Most of the jobs were keyways and slots in VERY large pieces of Process Equipment for the oil industry.
The big ones are out there, and if you shop well, can be got for pretty cheap, as long as you have the means to pick one up and move it. A friend got a 36 inch stroke shaper from a Railway shop, for about as much as it cost him in time and gas to get it home (which wasn't much!).

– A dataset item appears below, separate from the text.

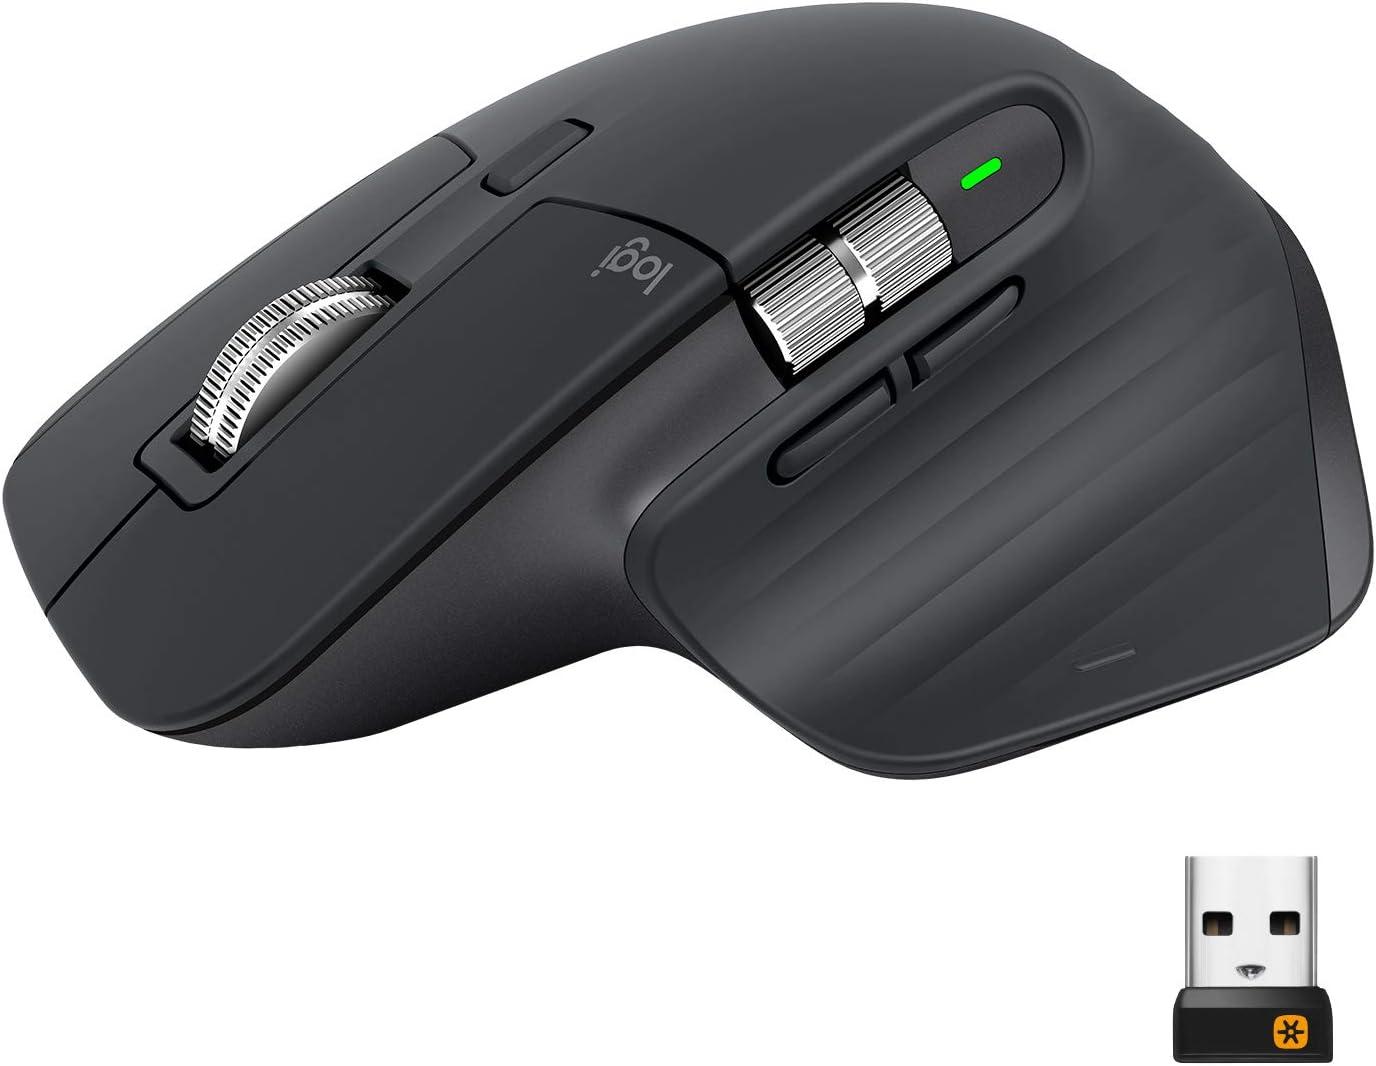 Logitech MX Master 3 Advanced Ratón Inalámbrico, Receptor USB, Bluetooth/2.4GHz, Desplazamiento Rápido, Seguimiento 4000 DPI en Cualquier Superficie, 7 Botones, Recargable, PC/Mac/Portátil/iPadOS

FWIW, I have an Aamco, had a South Bend 7 inch too, gave it to a shaper-less friend. I dunno if I erred in giving away the South Bend, but, WTH, it came to me for free, I gave it away for exactly twice what I paid, eh? The Aamco has a phenolic main gear, which, if it's in good shape, runs quieter than the South Bend's metal gear. The Aamco also uses a Vee thread for the feed screws, dead easy to reproduce. On the other hand The SB, has an actual oil pump for internal lube (this one did, IIRC, not all do), and used Acme threads for the feeds (not THAT hard to reproduce). All said, I had the Aamco already, and no attachments to the SB, so I passed it on to a friend. Was a pretty good day's scrounging, that day!